## [Instructions for the task]
For the entries below, return the line holding "Mista Trick Collective" together with all lines after it, unchanged, and leave every picture out.

Extracted material START

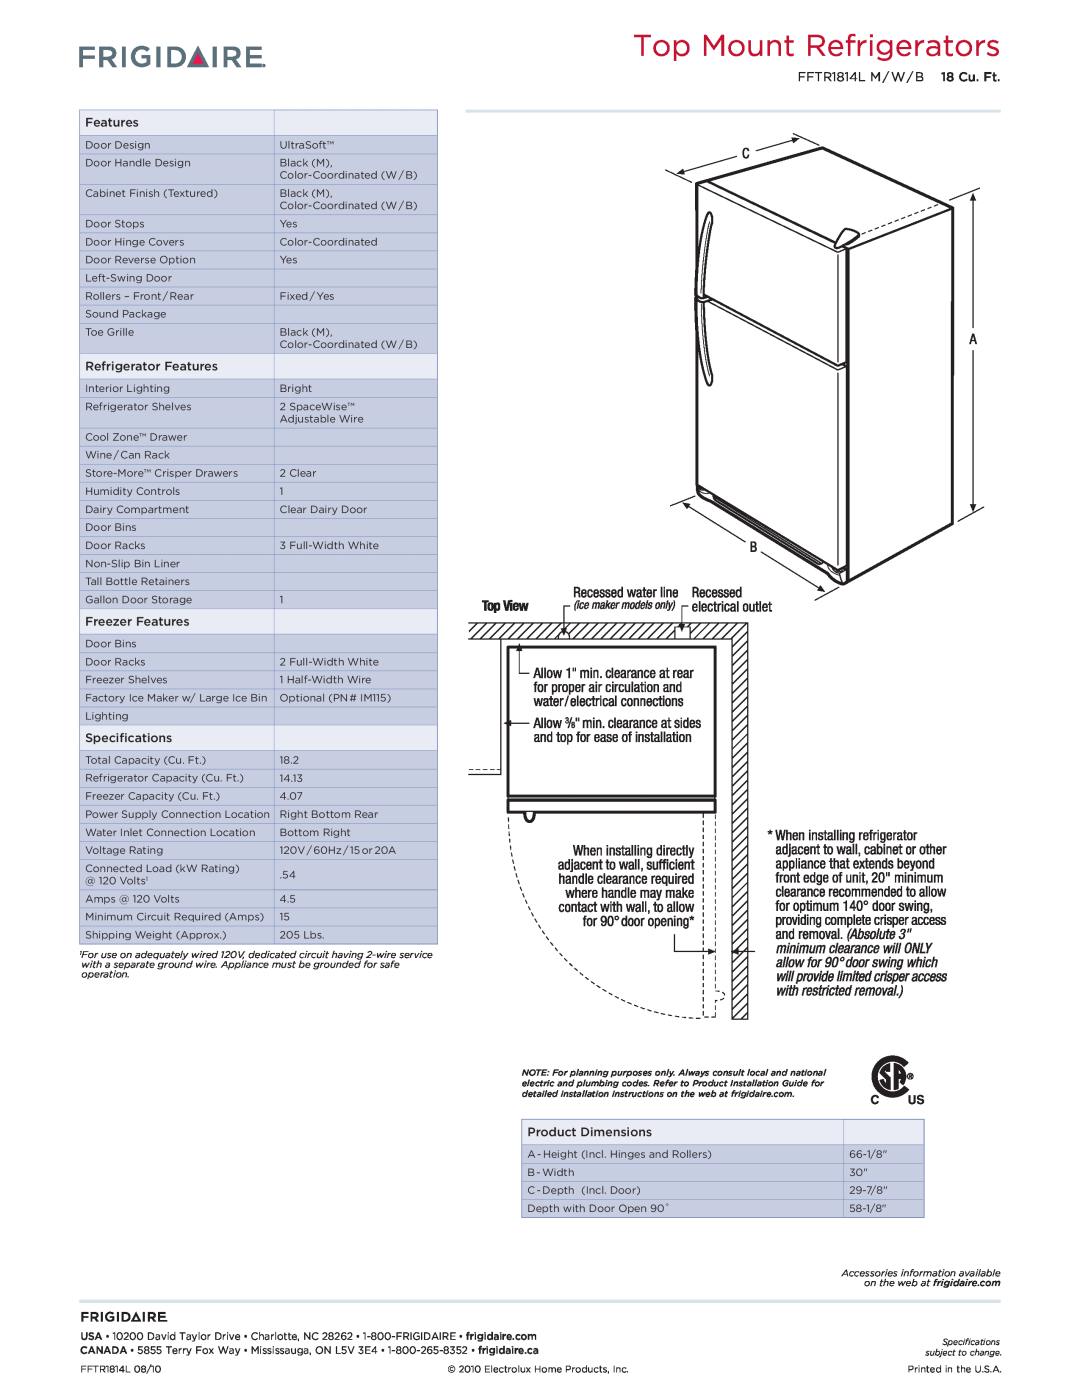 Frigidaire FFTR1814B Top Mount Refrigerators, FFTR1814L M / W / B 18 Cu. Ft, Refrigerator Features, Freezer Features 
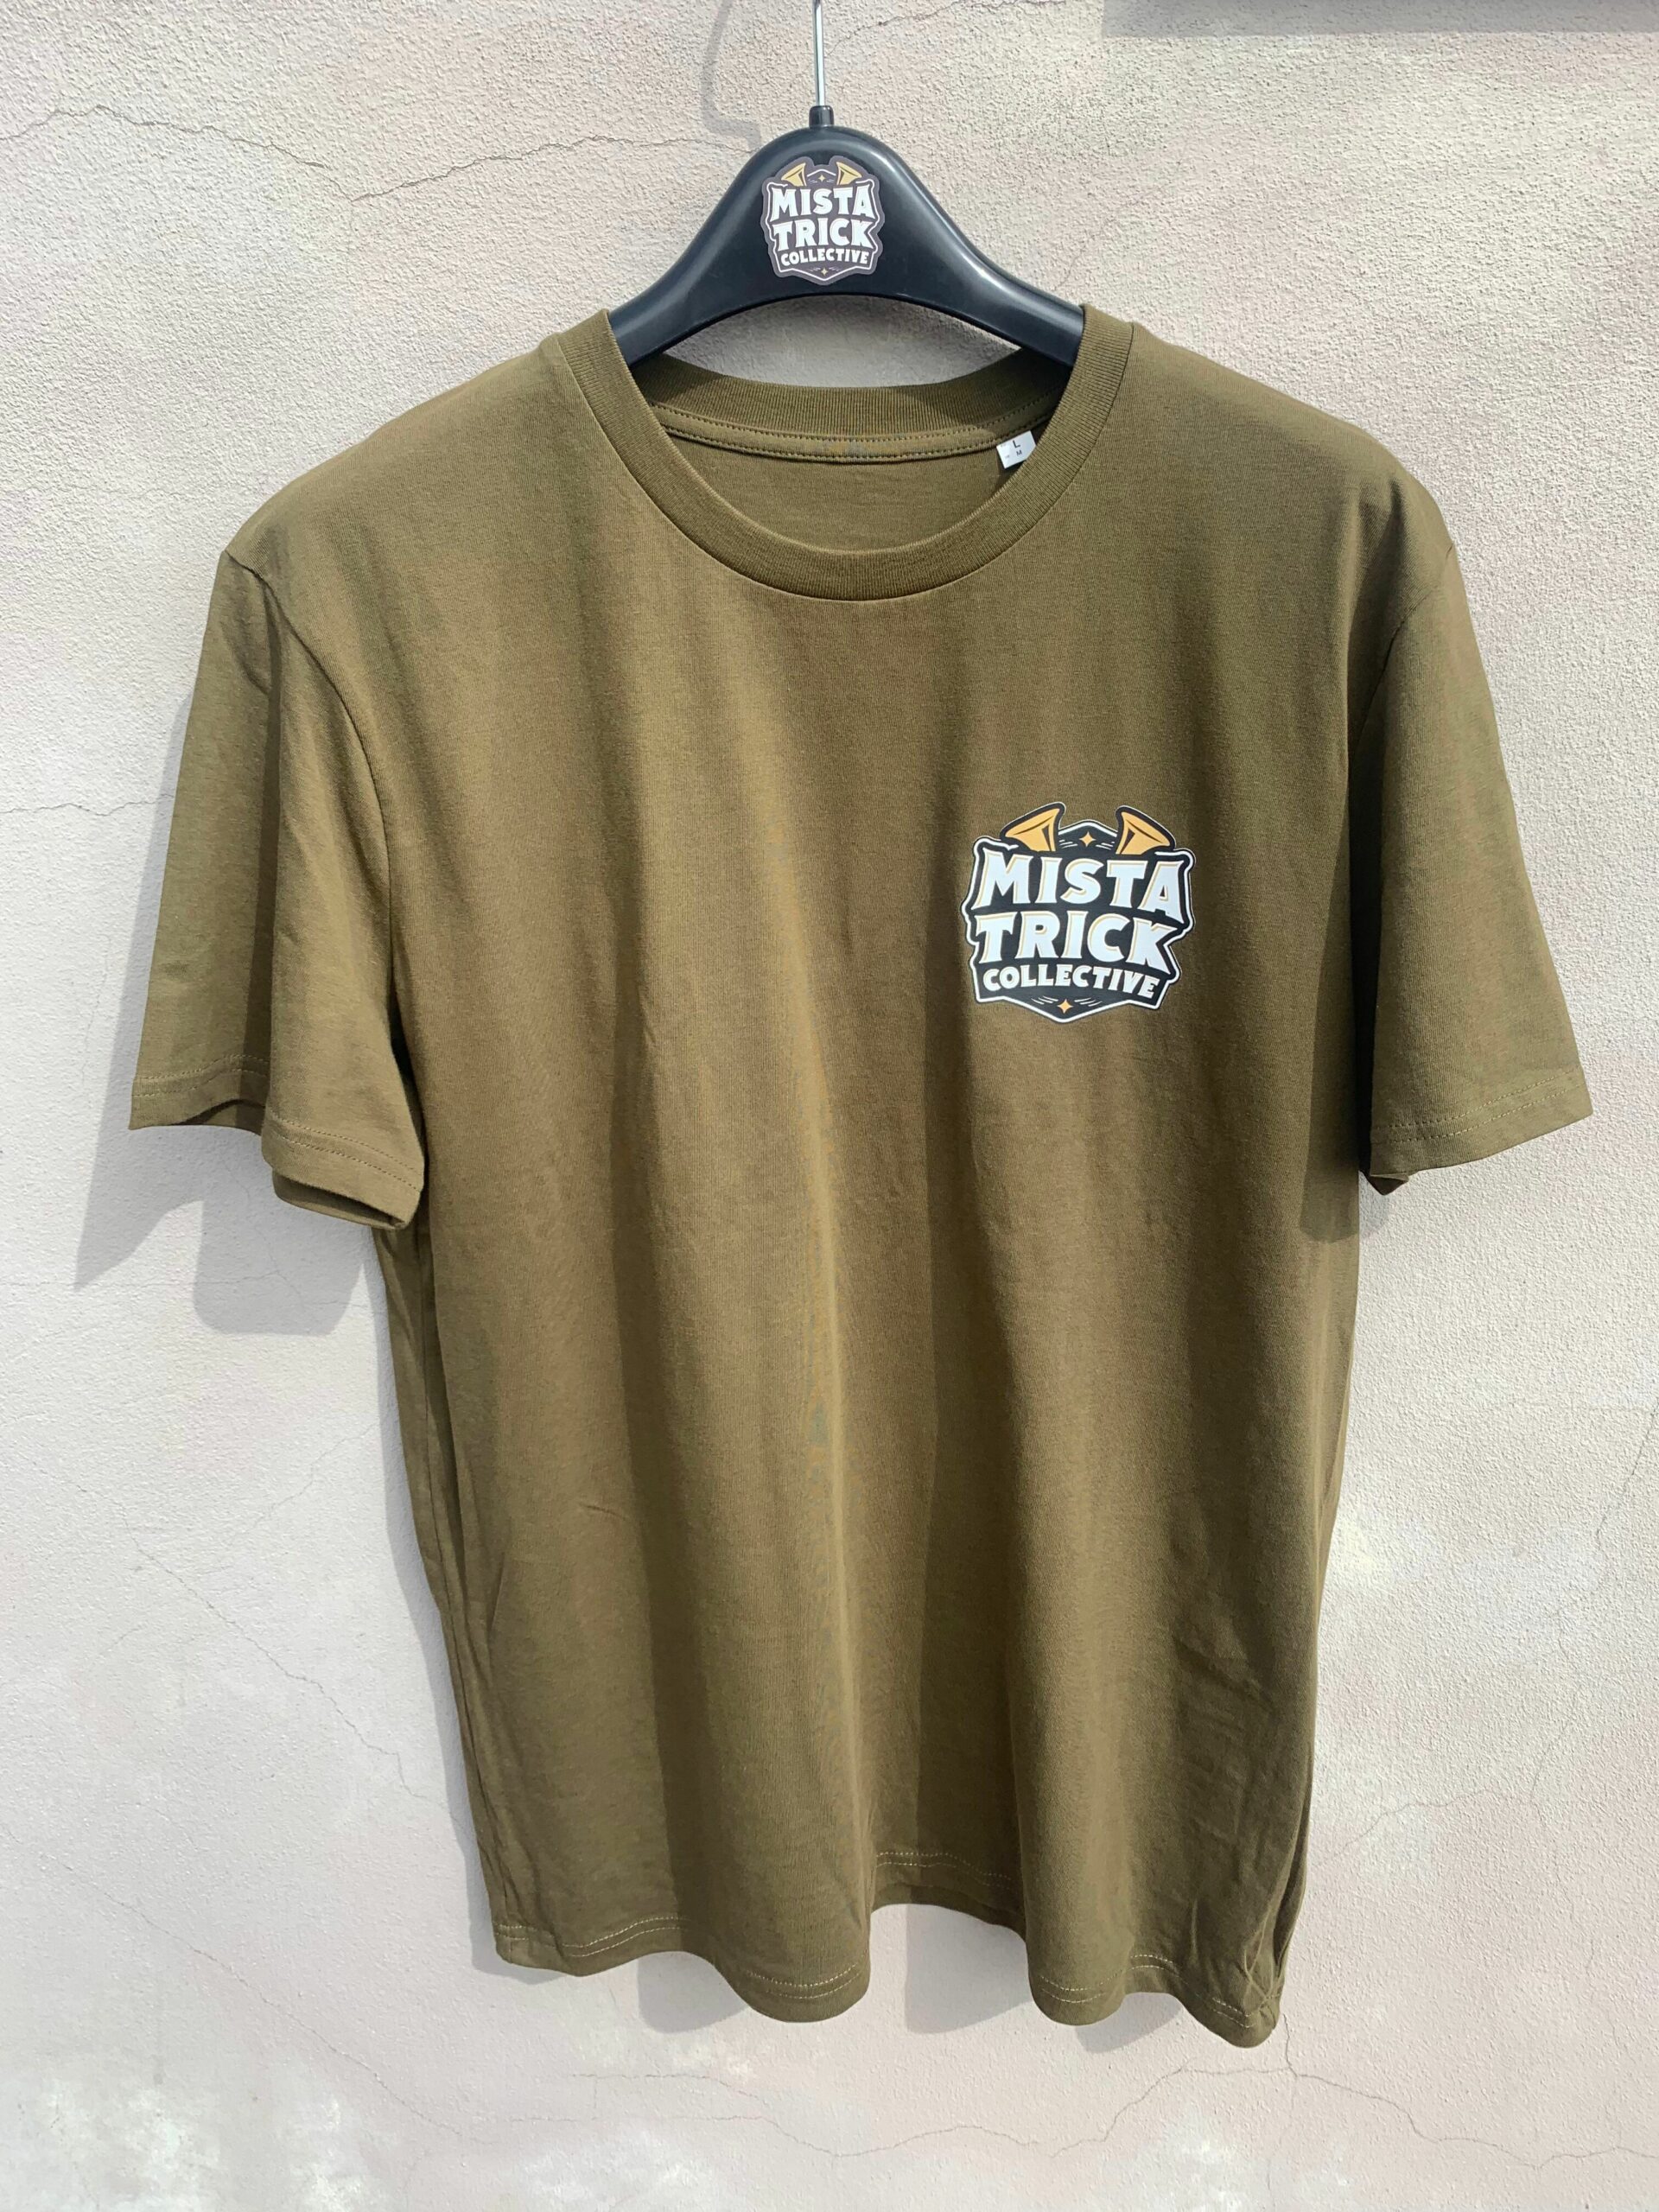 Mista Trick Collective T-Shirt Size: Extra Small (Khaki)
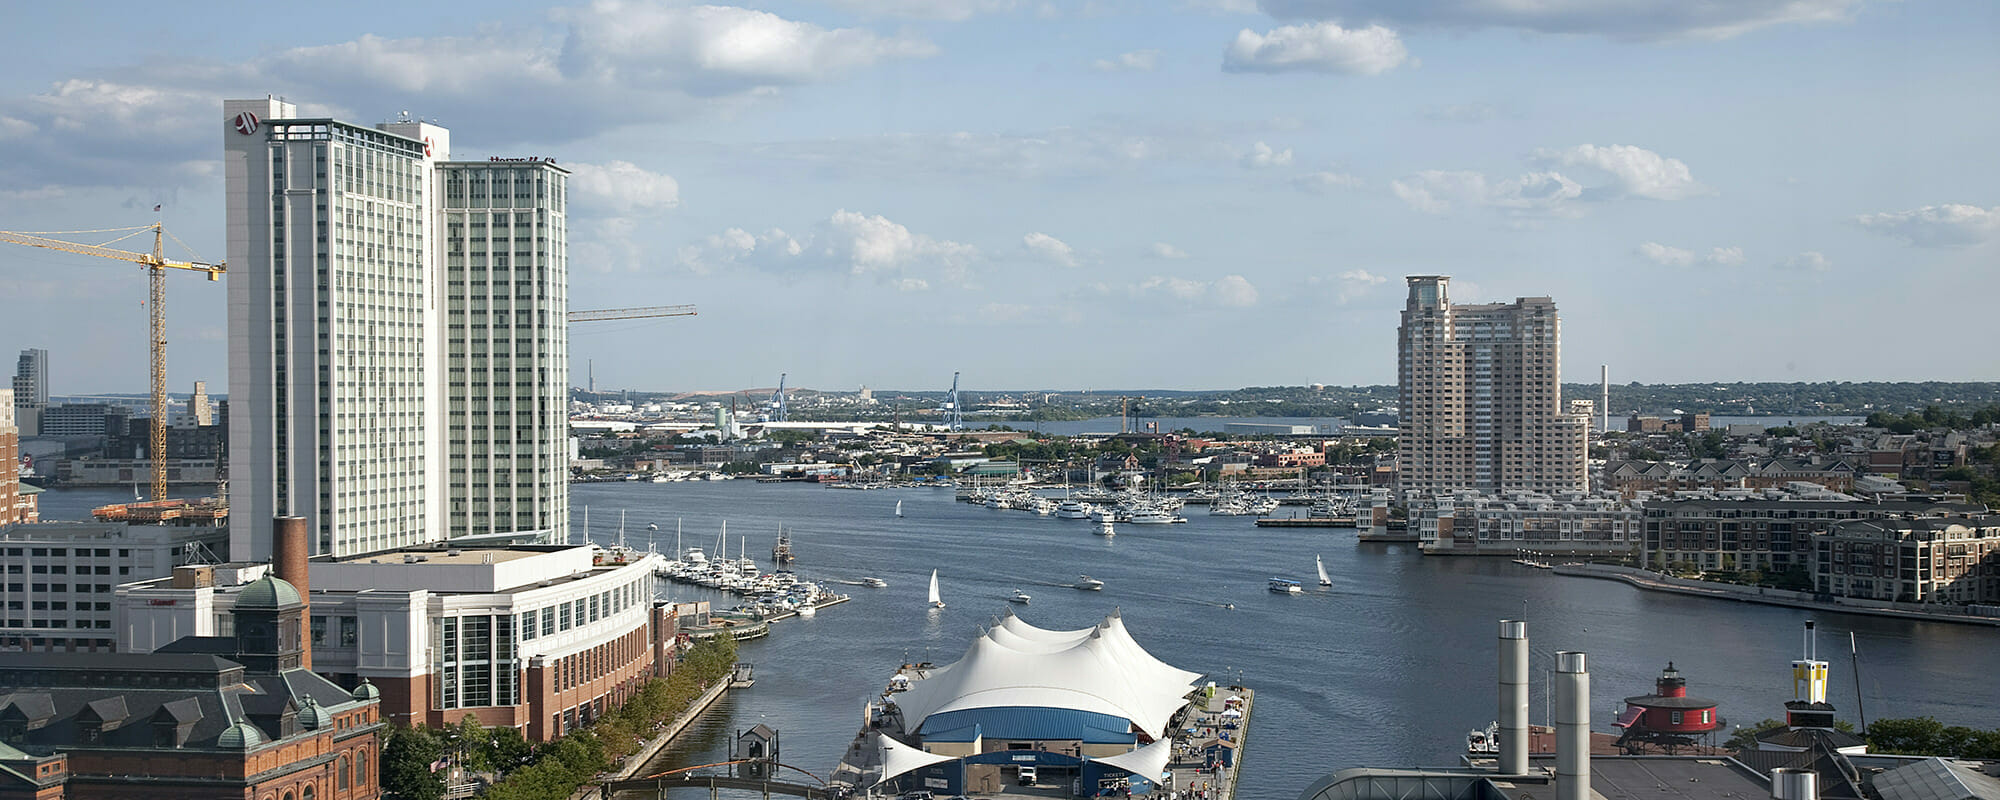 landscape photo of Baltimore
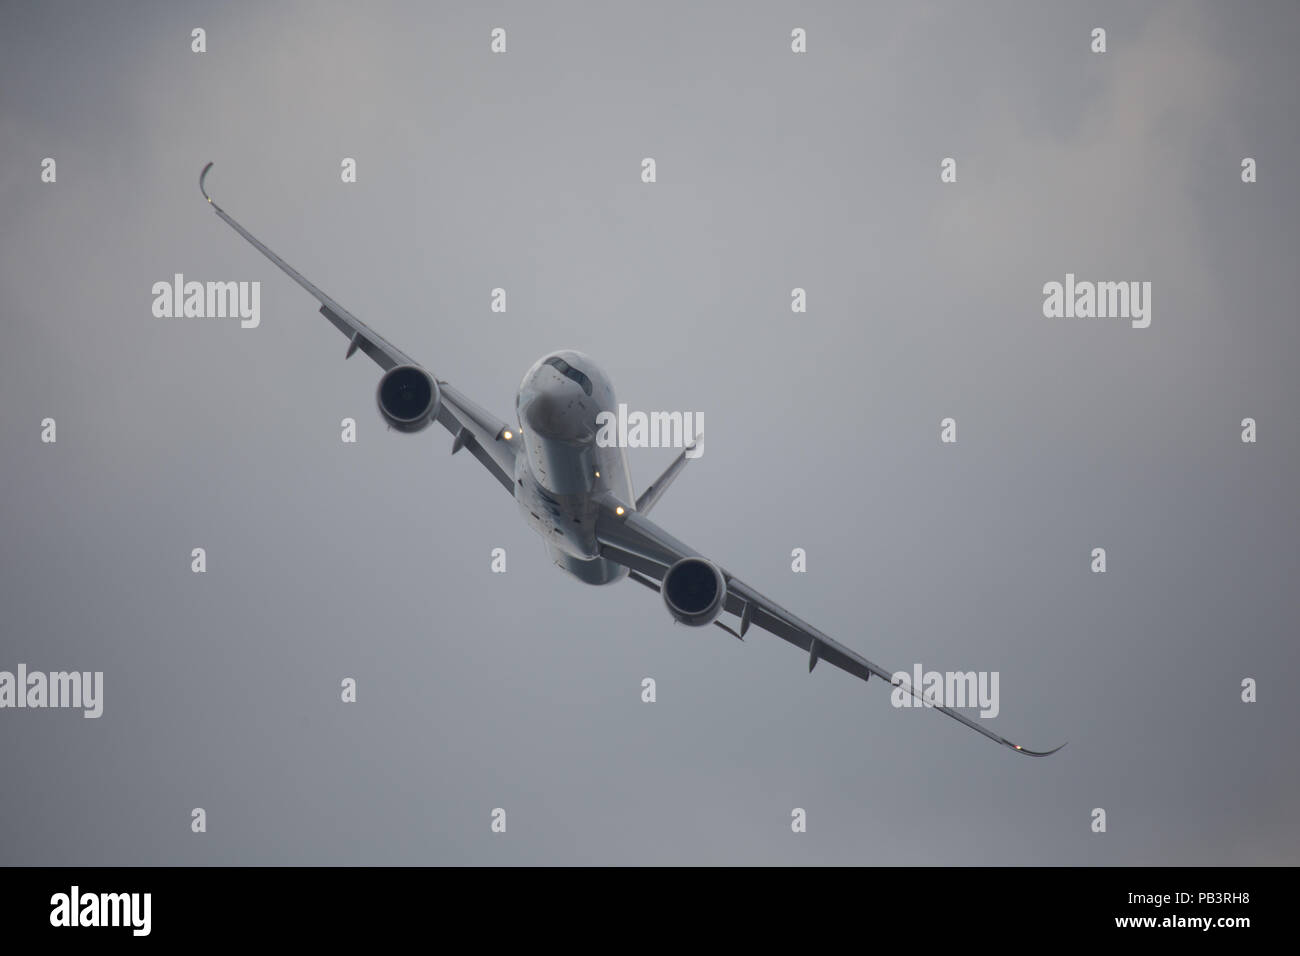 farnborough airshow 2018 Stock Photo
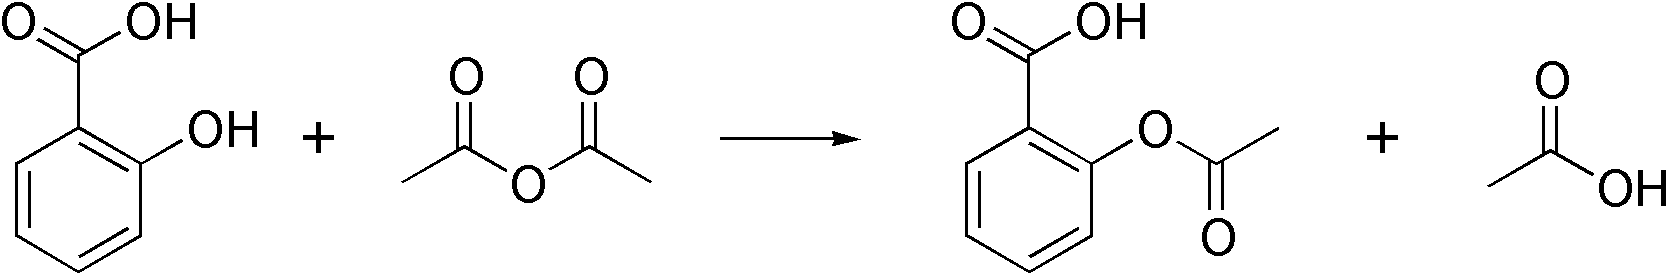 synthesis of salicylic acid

Extracted material END

## [Response area]
 Mista Trick Collective T-Shirt Size: Extra Small (Khaki)
 landscape photo of Baltimore
 farnborough airshow 2018 Stock Photo
 synthesis of salicylic acid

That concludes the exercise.